Tutta la mia conoscenza diretta – un po’ pochino, per la verità – del Movimento 5 stelle si poggia su qualche visita che faccio al blog di Beppe Grillo, frammenti di discorsi, pezzi di dichiarazioni, post che leggo, video amatoriali che guardo. E – e è invece tantissimo – su quel che ne leggo contro d’esso sulla stampa o sul web o ne ascolto in televisione, da politici, da sociologi, da intellettuali. Data la sproporzione tra quello che ho sentito dire dal movimento e da quello che ho ascoltato e letto contro il movimento, ne ho quindi per lo più elementi di riflesso, indiretti. E negativi.
Devo aggiungere che per buona parte condivido le cose che vengono dette contro Grillo: il personalismo nella gestione politica del movimento, il populismo di certe affermazioni, la superficialità pericolosa di alcune posizioni, la fragilità delle proposte, l’ondivago sbruffoneggiare su questioni importanti, il suo sostanziale “berlusconismo”. Nello stesso tempo, visti i risultati e i numeri che finora questo movimento ha messo assieme – e non parlo dei sondaggi per le future politiche, ma delle elezioni già svolte, da Parma alla Sicilia – c’è una fetta significativa di elettorato che lo sostiene, che trova cioè in questa “offerta politica” una corrispondenza di sensi come non la trova in altre, e di cui io non so nulla e a spiegare il quale non bastano le “facce” dei più visibili, da Pizzarotti a Cancellieri agli ex Favia e Salsi, né, credo, le analisi puntuali e rigorose contro Grillo [tra le quali le migliori mi sembrano quelle di Marco Belpoliti, di Giuliano Santoro e di Francesco Merlo].
Chi lo sostiene? Voglio dire: del fenomeno del leghismo si capiva come lievito il sindacalismo di territorio contro la burocrazia e il parassitismo statale, le difficoltà della piccola impresa, lo spaesamento del lavoro di fabbrica rottamato e senza identità; pur nel passaggio a una “seconda generazione” di rappresentanza politica e con un bagaglio di capacità di amministrazione in comuni, province e regioni ormai collaudato quelle motivazioni restano ancora comprensibili e forti. Ma del “grillismo”? Del Movimento 5 stelle si capisce sinora la determinazione e la carica di attrazione contro il “sistema dei partiti”, che è poi diventato il tormentone dell’antipolitica. Si capisce solo questo, e forse sta pure qui la sua forza – come per la Lega la sua forza sta nella comprensibilità, se si vuole nella banalità della singola istanza “padana”. Alla complessità programmatica di partiti, vecchi e nuovi, che hanno decaloghi di proposte e riforme, i nuovi movimenti politici sembrano aggregarsi su una singola istanza, lasciando poi al leader di vagheggiare sul resto. Non so se sia una buona cosa, però pare funzionare.

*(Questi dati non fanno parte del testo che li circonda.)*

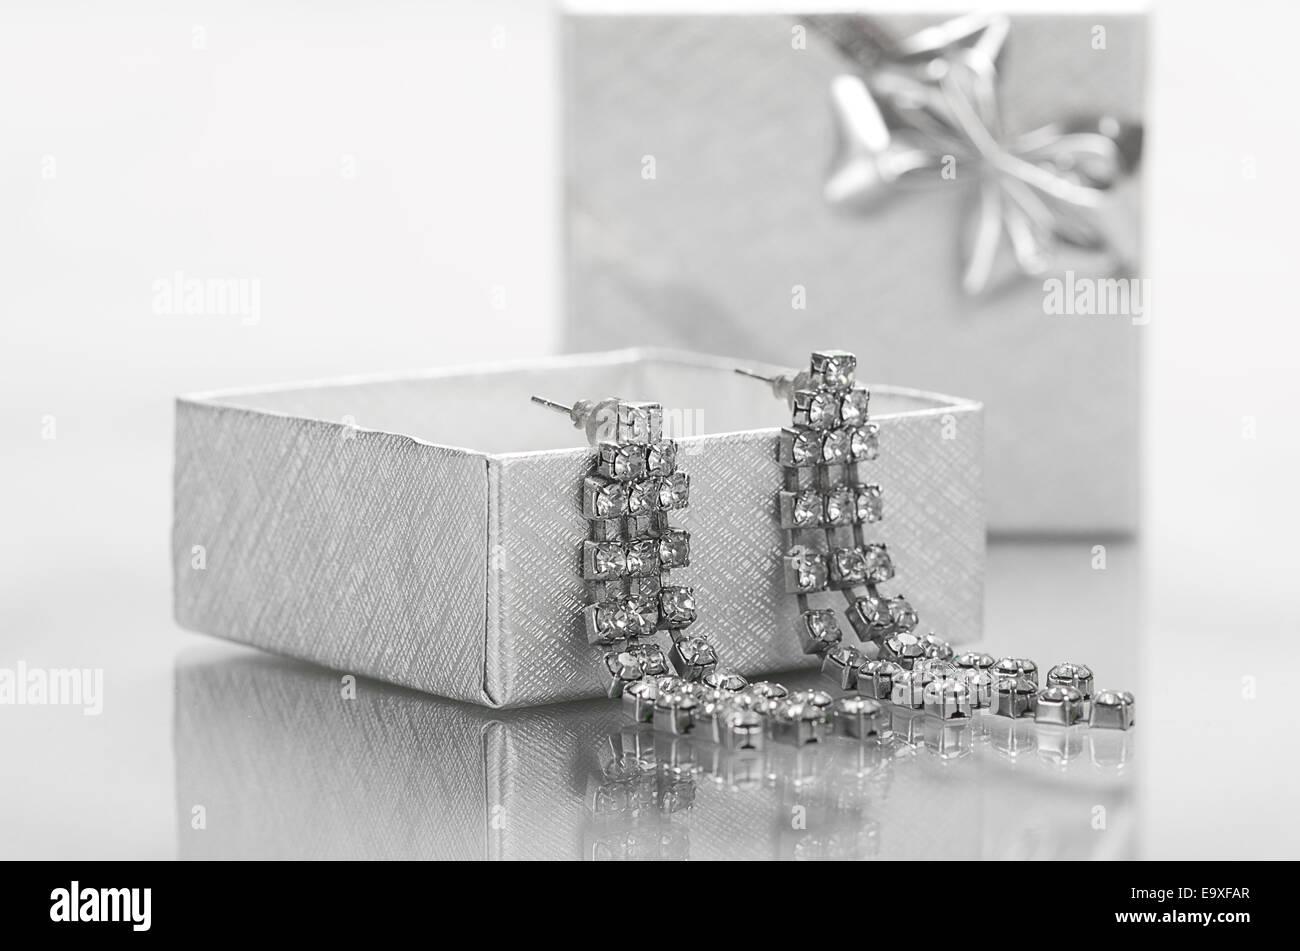 Earrings in a silver box. - Stock Image

Ora, fatta la tara di tutto il resto, a me questa cosa contro il sistema dei partiti non suona male. Se è vero, come io credo, che la sovradeterminazione dei partiti sulla cosa pubblica sia diventata più un problema che una soluzione. Anche solo come scossa, come stimolo, come incentivo ai cambiamenti. E non mi pare che a petto delle prossime elezioni i partiti vecchi e nuovi si siano davvero rinnovati. Voglio dire che la motivazione di questo movimento ha senso e lo avrà anche dopo le elezioni.
Che il prossimo parlamento risulti frammentato, che la formazione di un nuovo governo debba passare per una complessità di aggiustamenti che non gli diano la sensazione di impunità decisionale, a me sembrerebbe una buona cosa: preferisco un governo, qualunque governo, che debba “contrattare” con le istanze sociali a un governo che se ne impipi e giochi solo dentro il palazzo. Per me il concetto di governabilità, come quello di “uso del parlamento” sta qui. Non dico che sia la regola aurea costituzionale, però mi pare rifletta bene la nostra storia. E una pattuglia di eletti del 5 stelle che si dedichino a una occhiuta vigilanza può essere utile.
Perciò, senza per questo lanciare anatemi contro altre scelte, per le cose che penso, il voto a Grillo mi pare sia un voto mirato.